• TASK BRIEF:
Return the data that follows exactly as it appears. Pictures do not belong in the copy.

• COLLECTED DATA:
□ □ □ □
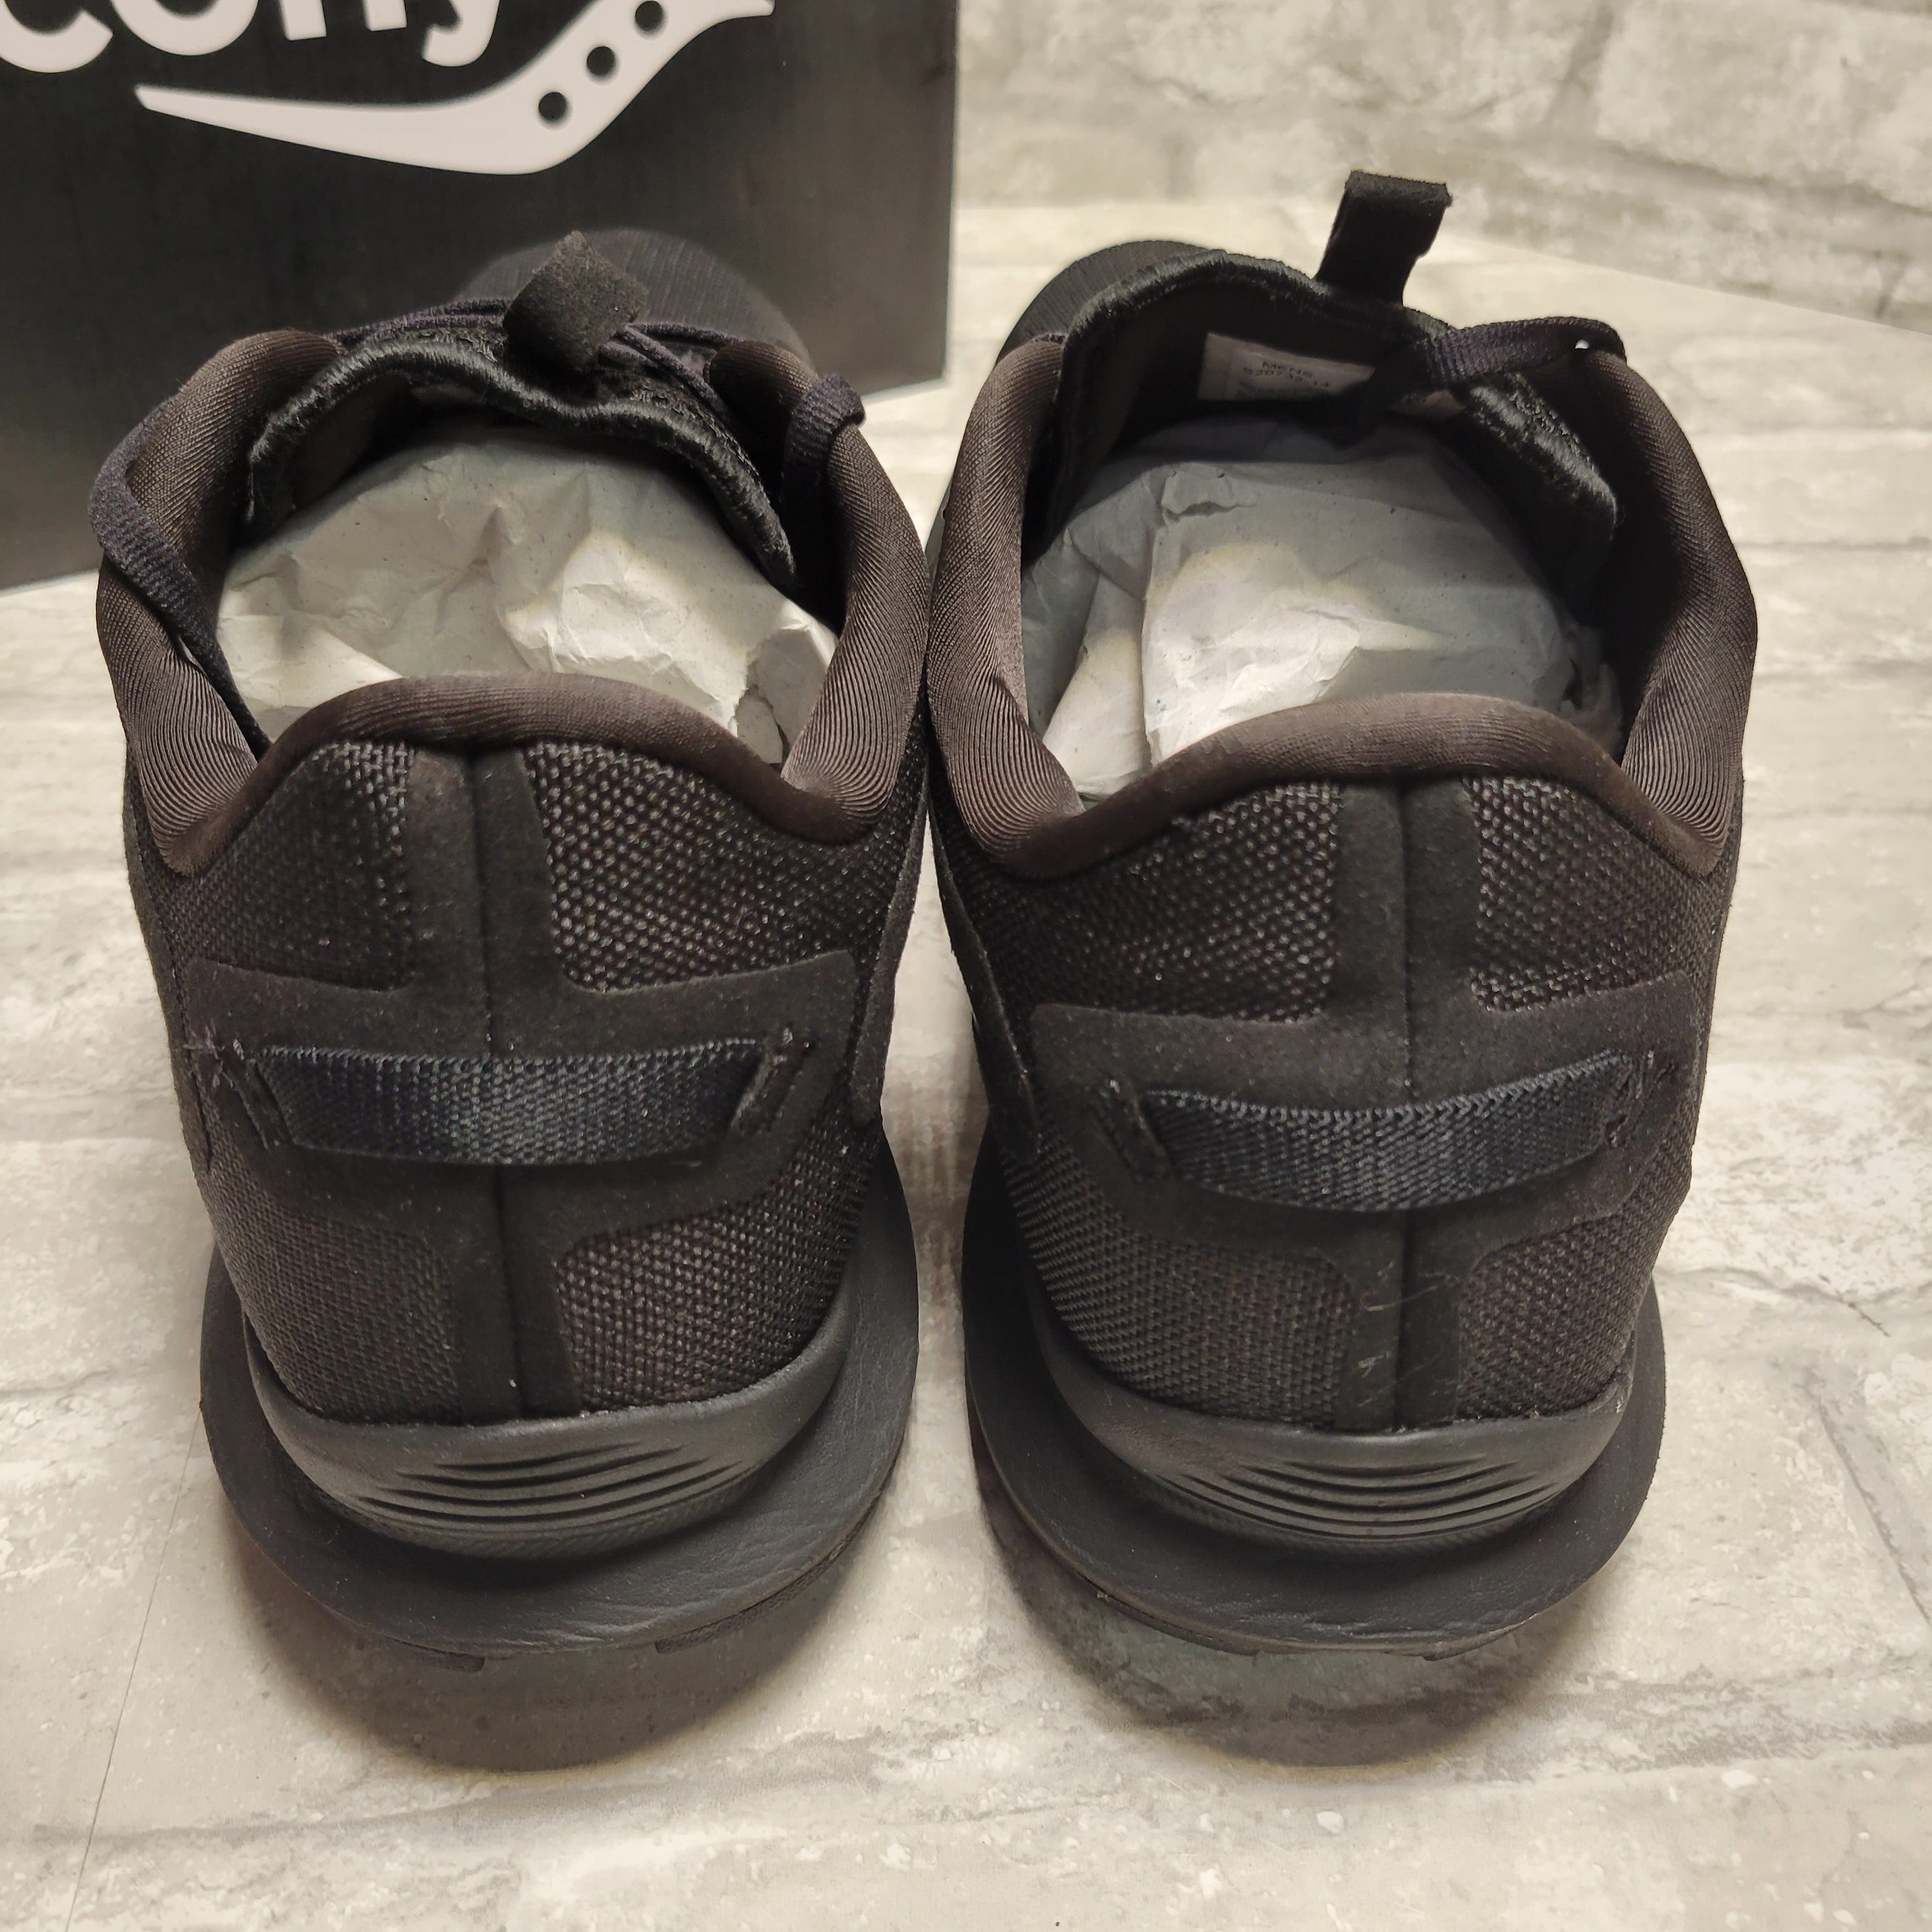 Saucony Axon 2 Men's Running Shoes S20732-14, Black 11 (8073591881966)
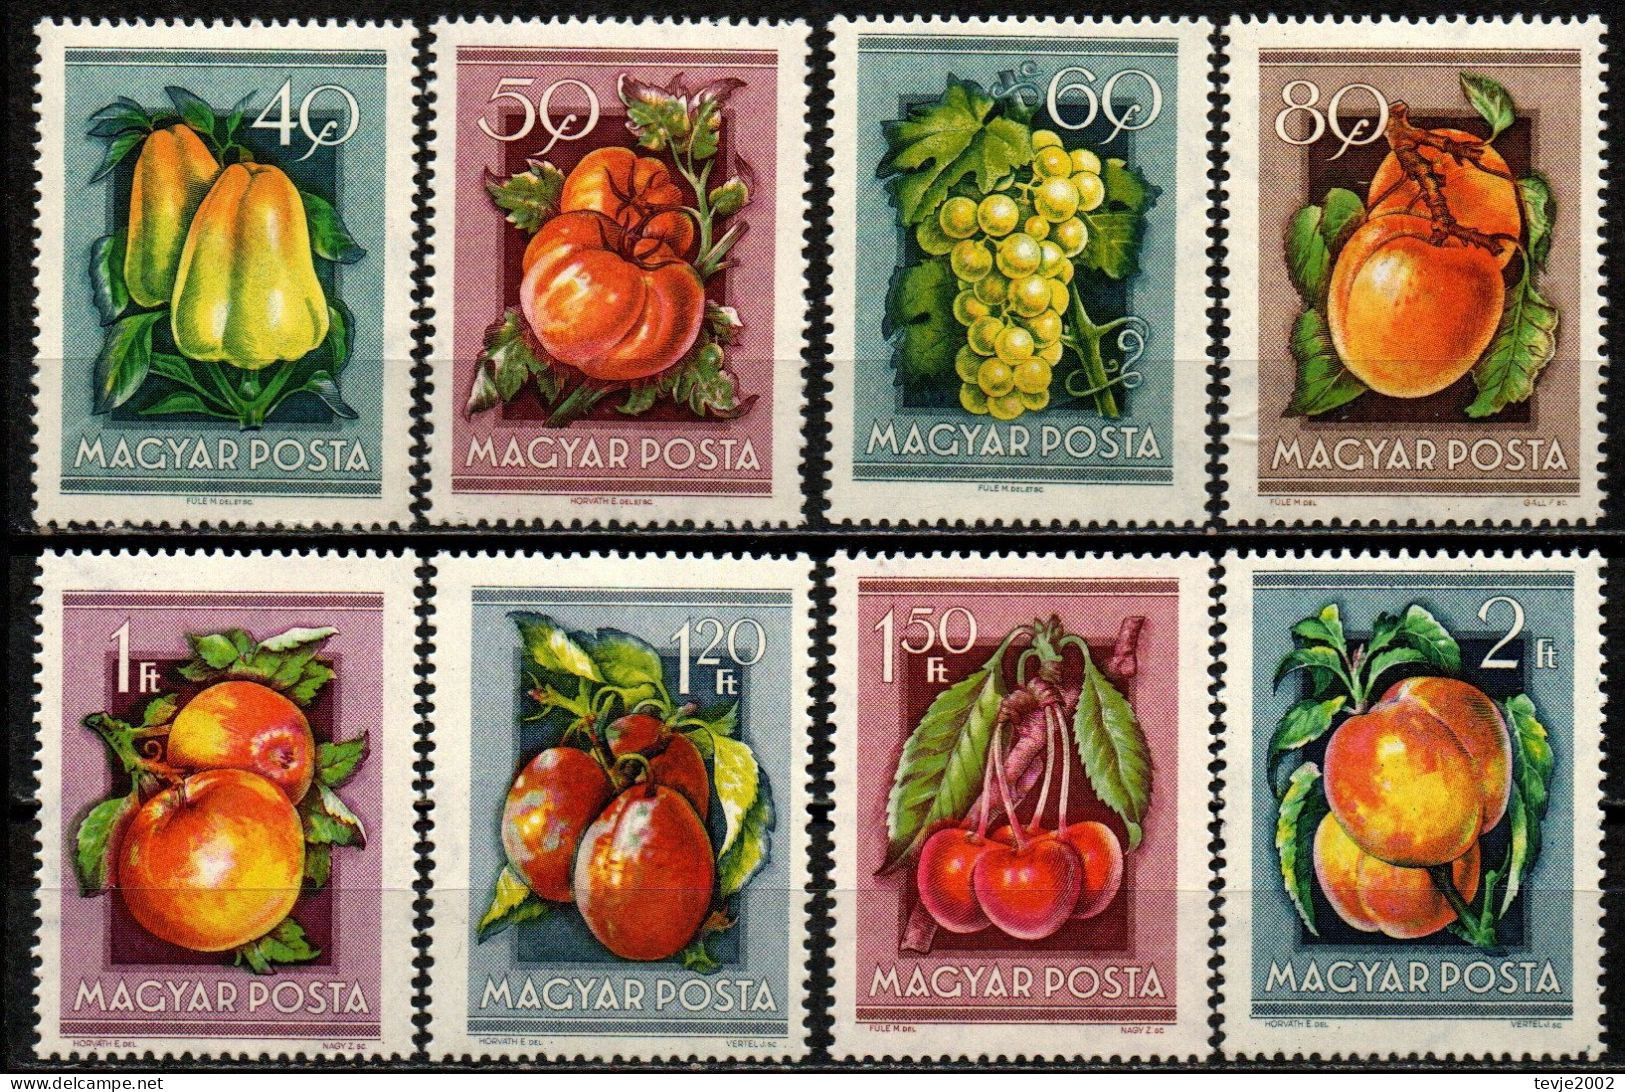 Ungarn 1954 - Mi.Nr. 1387 - 1394 - Postfrisch MNH - Früchte Obst Fruits - Obst & Früchte
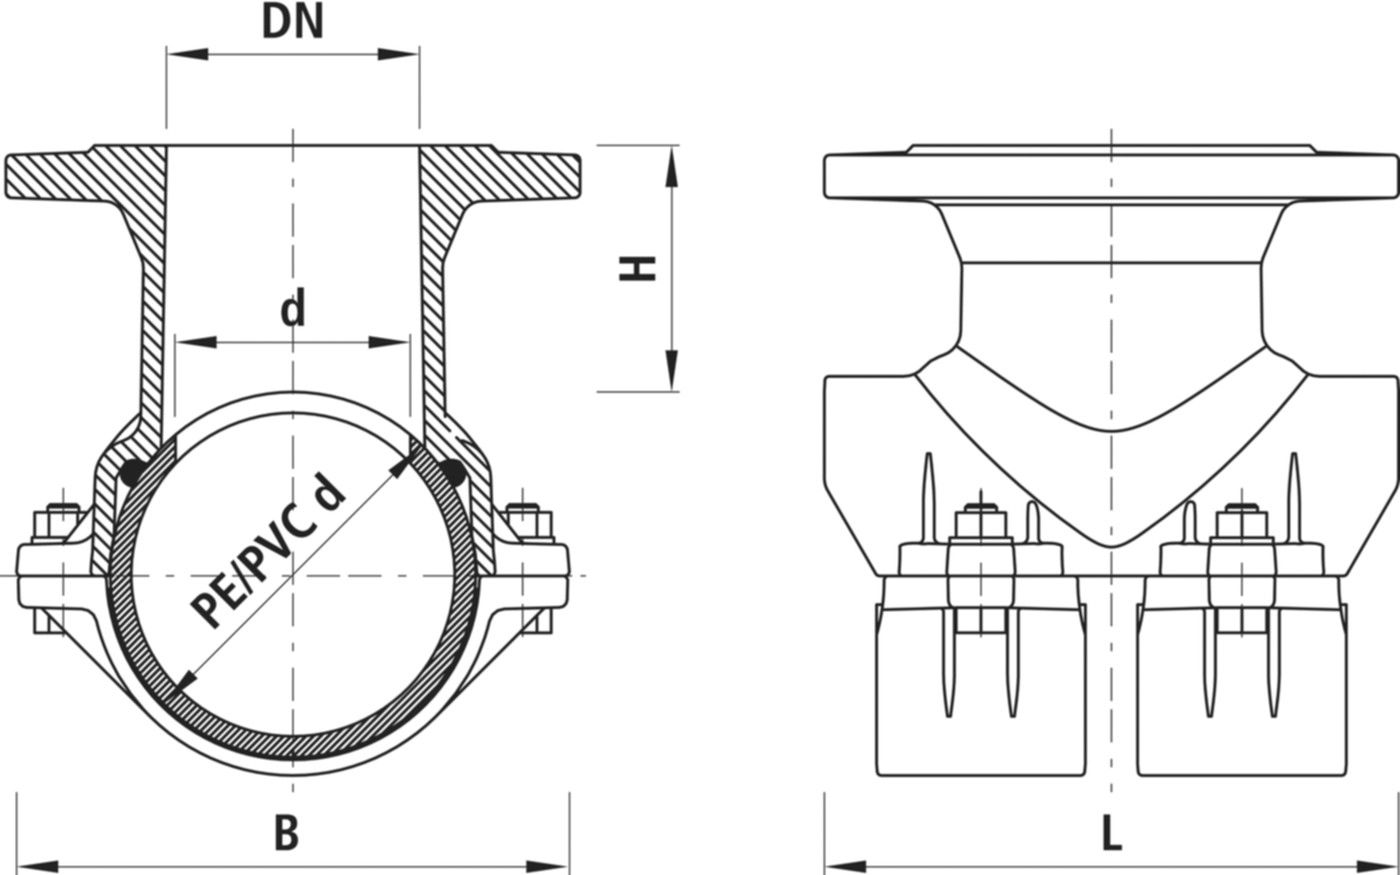 Haku-Anbohrschelle mit Flansch 5230 d 180mm / DN 100 - Hawle Hausanschluss- und Anbohrarmaturen
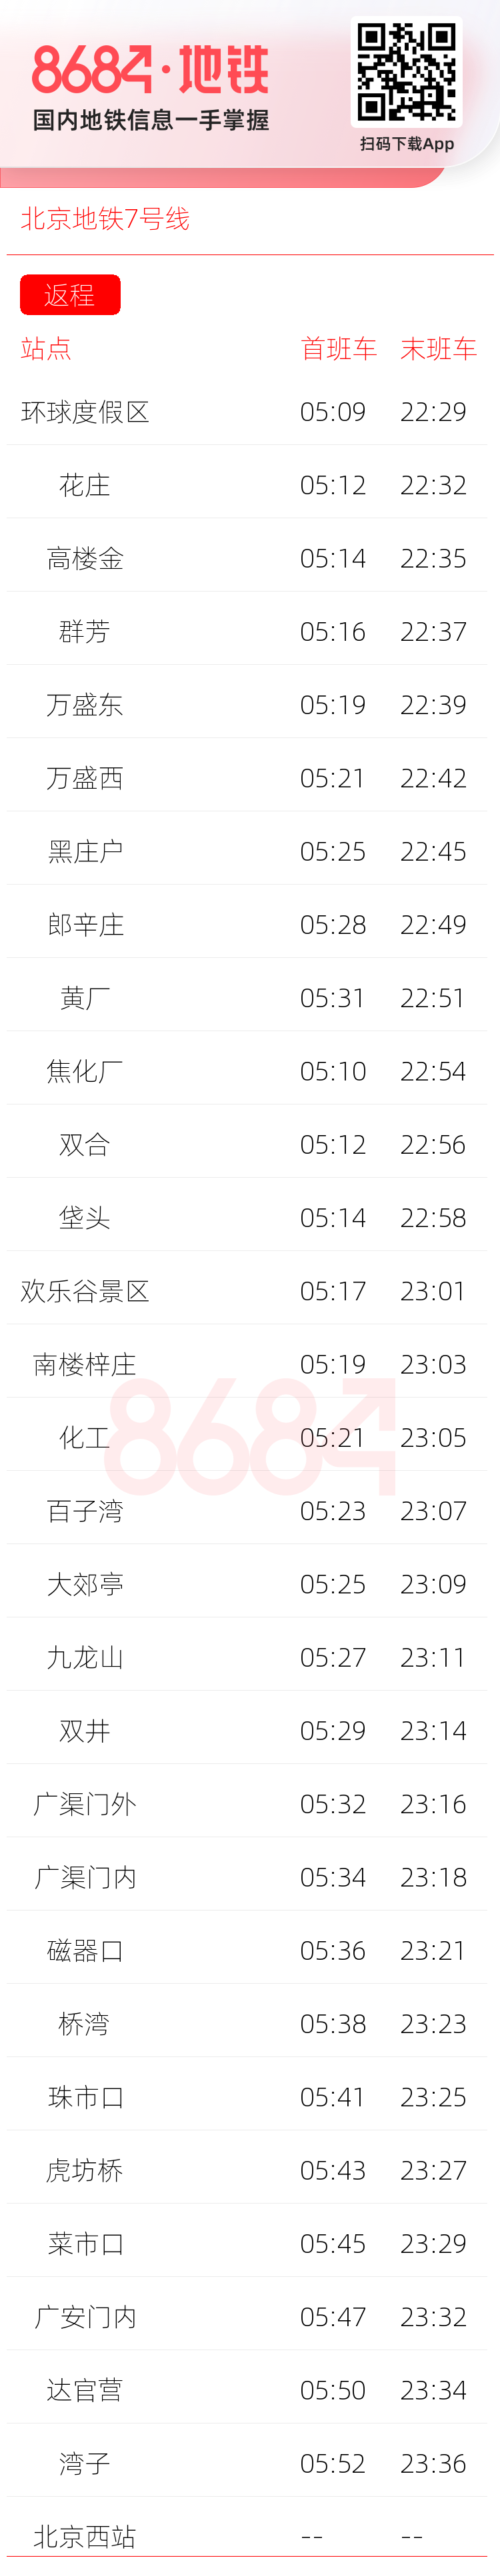 北京地铁7号线运营时间表
□ □ □ □
• REPLY:
 Saucony Axon 2 Men's Running Shoes S20732-14, Black 11 (8073591881966)
 Ungarn 1954 - Mi.Nr. 1387 - 1394 - Postfrisch MNH - Früchte Obst Fruits - Obst & Früchte
 Haku-Anbohrschelle mit Flansch 5230 d 180mm / DN 100 - Hawle Hausanschluss- und Anbohrarmaturen
 北京地铁7号线运营时间表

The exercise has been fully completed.